# basic info pls



## kellie123 (Mar 6, 2009)

My first post here so , Hello!

We are keen re relocate to Malaga area of Spain, my husband owns a recruitment company in the UK and hope to come out for a year and see if he can do his job from there...as majority is online & telephone.

I am really after some starter info, sorry boring i know.....what would be our next step ie visas etc.... how easy is it in reality to do a move like this?

Any info would be grately appreciated


----------



## jojo (Sep 20, 2007)

kellie123 said:


> My first post here so , Hello!
> 
> We are keen re relocate to Malaga area of Spain, my husband owns a recruitment company in the UK and hope to come out for a year and see if he can do his job from there...as majority is online & telephone.
> 
> ...



Providing you're from another EU country then you wont need a visa or anything. You just need to rent/buy a house with ADSL for your internet access. Your next step in my opinion would be to do as much research as possible on the internet and then come over for a fact finding visit and have a look at what areas (Malaga is a big place), properties, prices etc you would be interested in. You then have to do your sums..!

Jo x


----------



## kellie123 (Mar 6, 2009)

jojo - thank u

Seems to easy! we've been to malaga area lots and love Elviria & cabopino, although our plan is to come out and rent and look around in more detail for a place to buy if thats what we decide..

If living in spain do u still get child benefit and tax credits from the UK? Really not sure? maybe a daft question!


----------



## Suenneil (Feb 17, 2009)

Hi Kellie

Agree with all Jo´s comments ... in addition Id like to ask if you plan on moving to Malaga city itself, or Malaga generally as per the postal address...which includes towns strethcning miles inland and miles down the coast!

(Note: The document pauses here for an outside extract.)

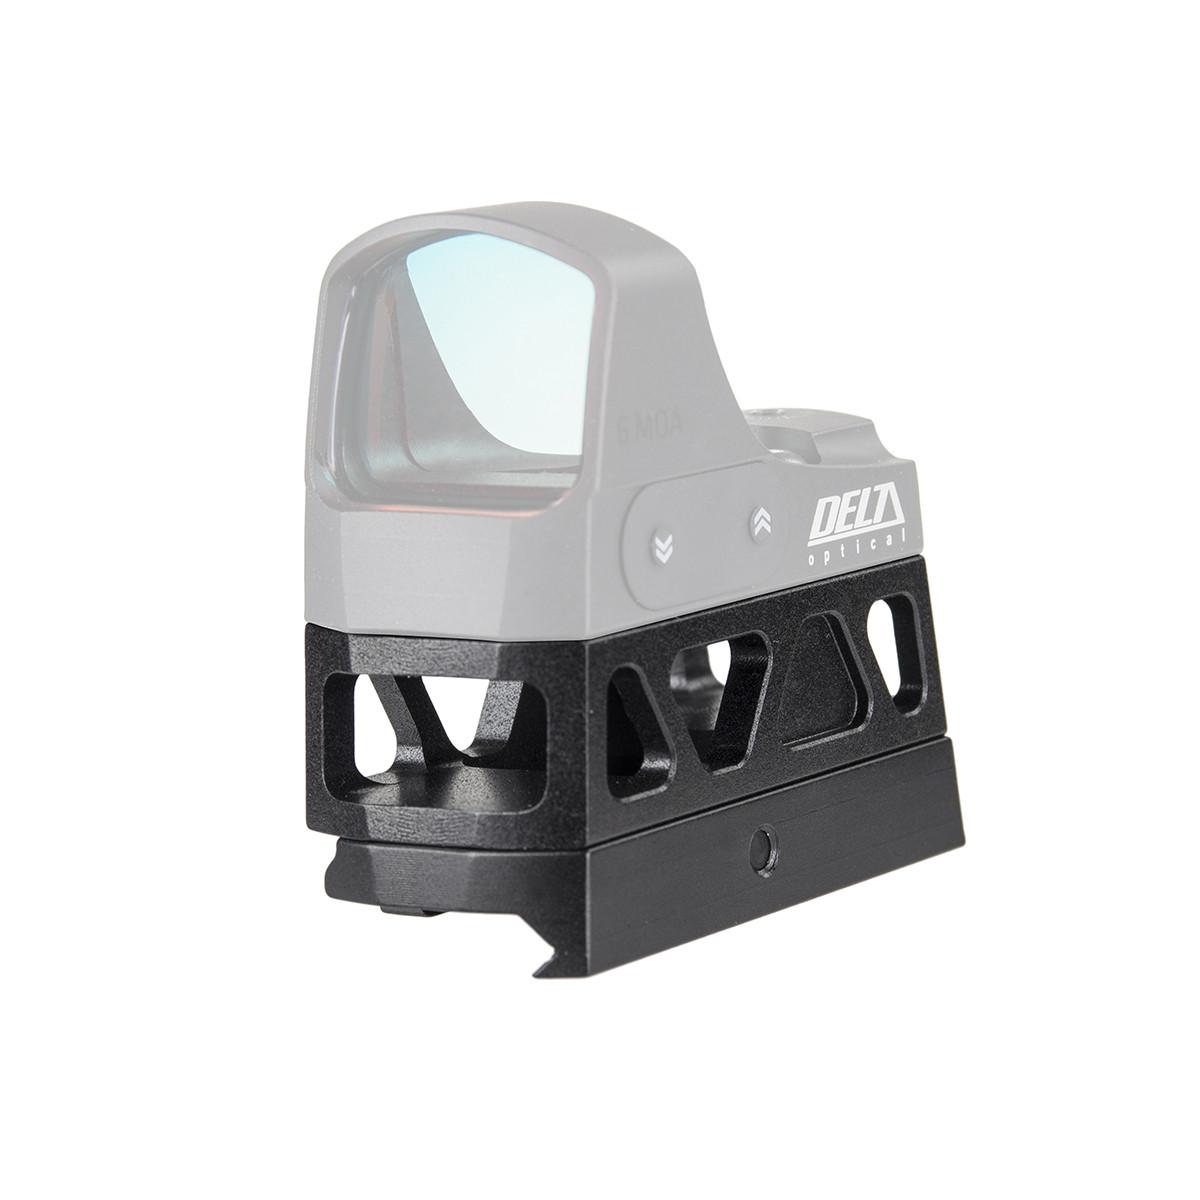 DELTA-Stryker-Red-Dot-Sight-4MOA-6MOA-8MOA-DO-2326-DO-2328-DO-2329utWlbdTA7DHjf

I work in Malaga City - and I think it is underestimated as a City and seen by most people as a place "where the planes land" and then you drive off to somewhere else ..... having said that to live and work in Malaga, rather than just visit, you would most definitely need a good command of Spanish ... in my experience there are far fewer English speaking companies / UK or International firms setting up there .... and as a result I believe there is a much lower number of expats living there....depends on what you are looking for really....

Best of luck


----------



## Suenneil (Feb 17, 2009)

hee hee! sorry Kellie, Jo ... I was obviously typing my reply whilst you were posting yours! so you answered my question before I asked it!!


----------



## jojo (Sep 20, 2007)

kellie123 said:


> If living in spain do u still get child benefit and tax credits from the UK? Really not sure? maybe a daft question!


There´s a thread floating about on this one. I was told and have been told several times by the DWP in Newcastle that because the children and I are residents in Spain, eventhough my husband works, pays taxes, NIC and lives half his time in the UK, we have to claim child benefit from Spain as they are an EU member state and have a reciprical agreement with the UK. However, Spain say that as we dont pay into their social security system then we cant! However, there are some DWP links that suggest otherwise on the other thread called "info on benefits needed"

I guess you have to contact the DWP!


Jo


----------



## SteveHall (Oct 17, 2008)

Absolute gorgeous here today - I'd understand whay anybody would want to come. Been to the seafront where the Spanish bars are heaving, been to the race course. I have almost forgotten the awful weather of the past 3 months!!!


----------